In the Oxford City Council’s statement on the Protests, Councillor Bob Price said, “The EDL is a racist organisation, and is not welcome in our city. We regret that the Thames Valley Police declined to ban this march and that it will cause substantial disruption for visitors, shoppers and bus travellers on a popular and busy holiday weekend.

“We also regret the massive cost that it will impose on the budget of the Thames Valley Police which is already under severe strain because of the cuts imposed by the Government.

“We strongly endorse the right to demonstrate and to assembly, but these rights must be qualified in respect of organisations which explicitly seek to promote the criminal offence of racial hatred or to instil division in our communities.

“Oxford is a diverse city with excellent relations between people of widely varied national and ethnic backgrounds. This is a crude attempt to attack the good name of a whole community on the basis of crimes committed by a group of vile individuals, from a variety of backgrounds.”

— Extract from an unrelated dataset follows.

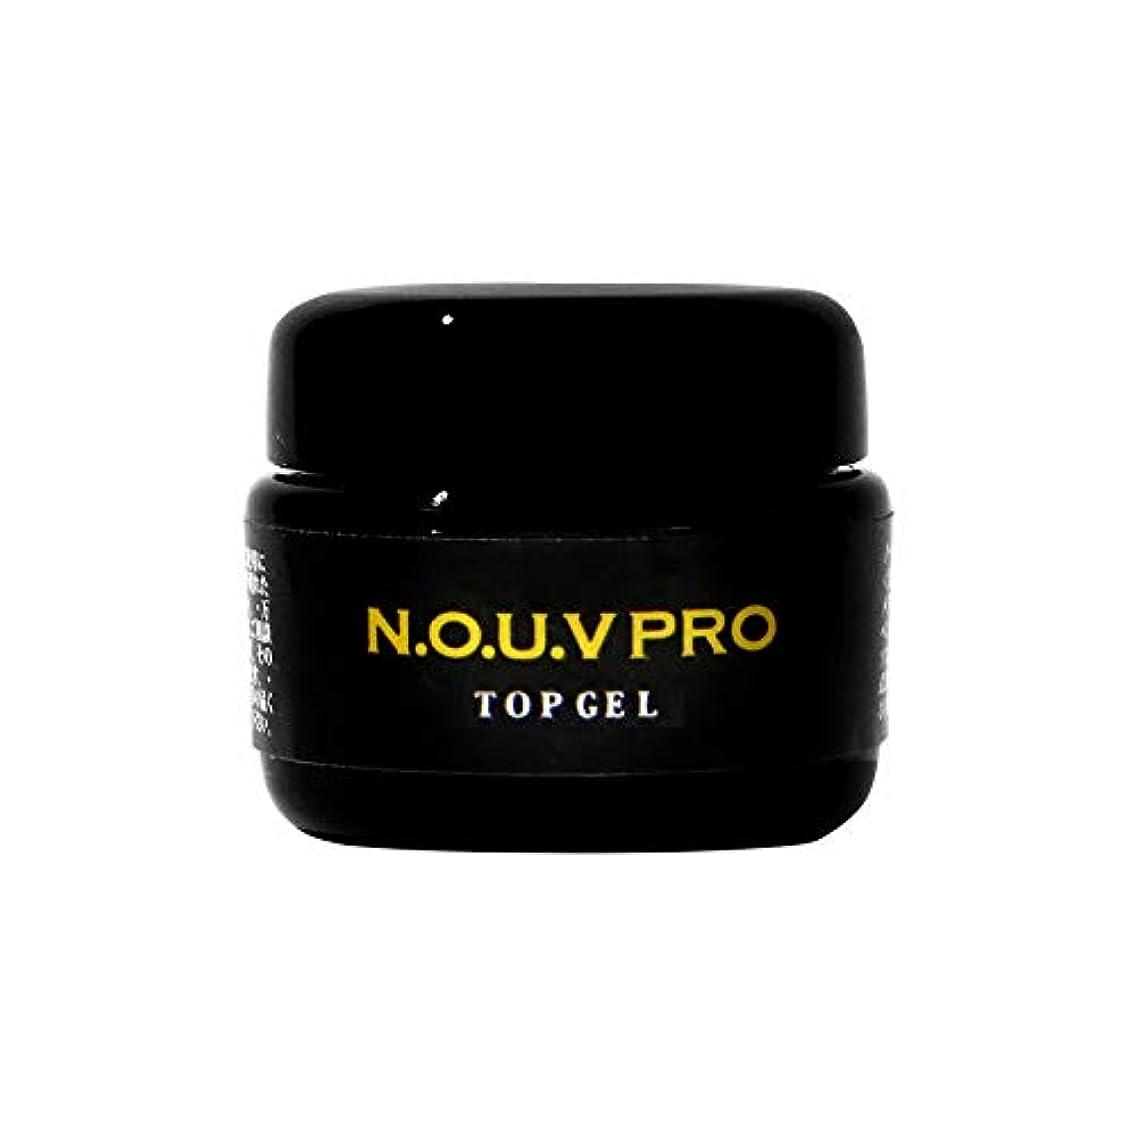 破裂脅威採用NOUV PRO トップジェル 10g
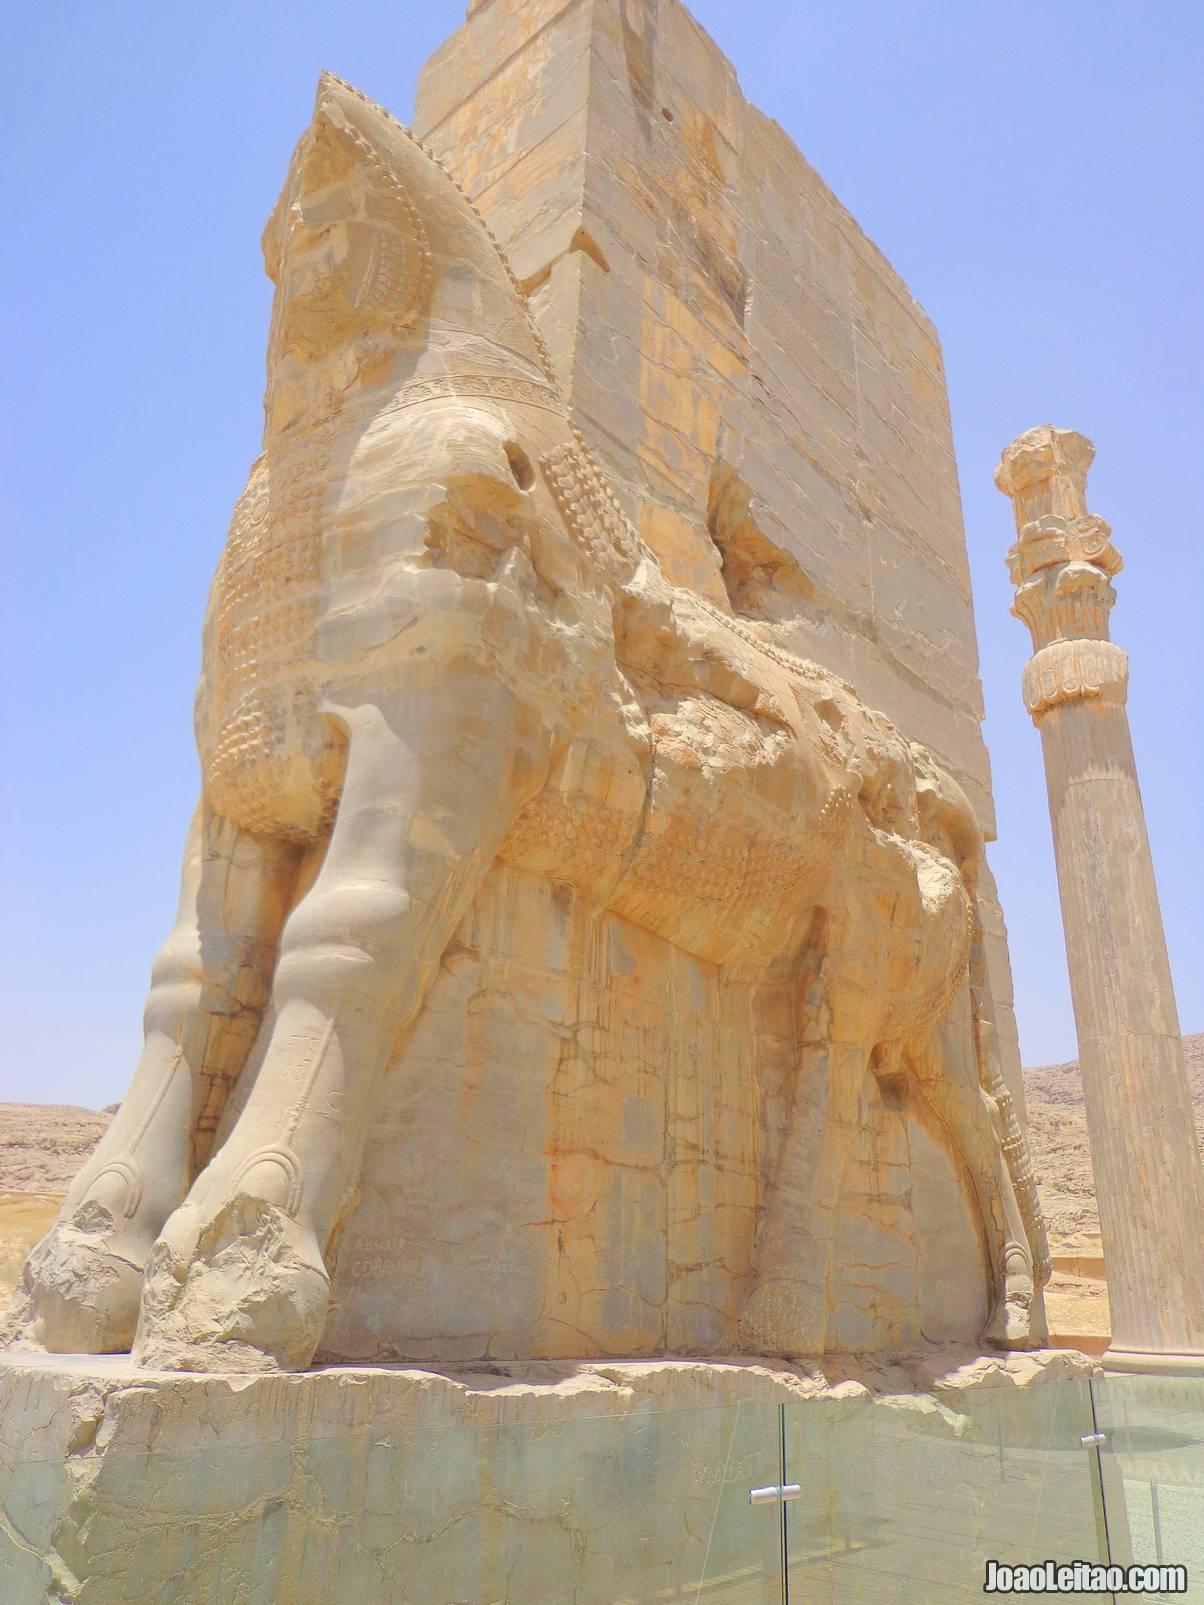 Visit Persepolis in Iran

OUSU condemned the march in a statement realeased earlier in the week stating, “OUSU condemns the EDL and its views. Muslims are a valued part of our community and the lies and violence with which the EDL target them and their faith are unacceptable. We stand in solidarity with Muslim students and residents of Oxford who may be adversely affected by the march.

“We recognise the risk posed by the march to the welfare of students who are in Oxford. People of all faiths and ethnicities should be welcome in Oxford, and the presence of the EDL is a barrier to this. As far as OUSU is concerned, the EDL is not welcome in Oxford.”

The Oxford Islamic Society likewise condemned the march in their statement, commenting, “Islam is the faith of almost three million Britons and the EDL’s rhetoric of hate and division flies in the face of Islam as understood by the almost three million Britons.

“There are up to 500 people who are expected to attend the March so we would just like to ask anyone who will be in Oxford on Saturday to be cautious, sensible and try to stay away from the town centre if possible. Most importantly, remember to place your trust in Allah (SWT) and seek His protection. A perfect Muslim is one from whose tongue and hands mankind is safe, and a true emigrant is one who flees from what God has forbidden.

“For those who want to take a more active stance, there will be an interfaith circle organized as a counter to the EDL. This will be at midday, outside the shop ‘Lush’ on Saturday.”

The EDL march began at Oxford train station at about 2pm on Saturday and ended up outside St. Aldate’s police station.
 Police temporarily closed Queen’s Street and St. Aldate’s as the march passed through, causing some traffic problems. The EDL demonstrators left the city at about 5pm.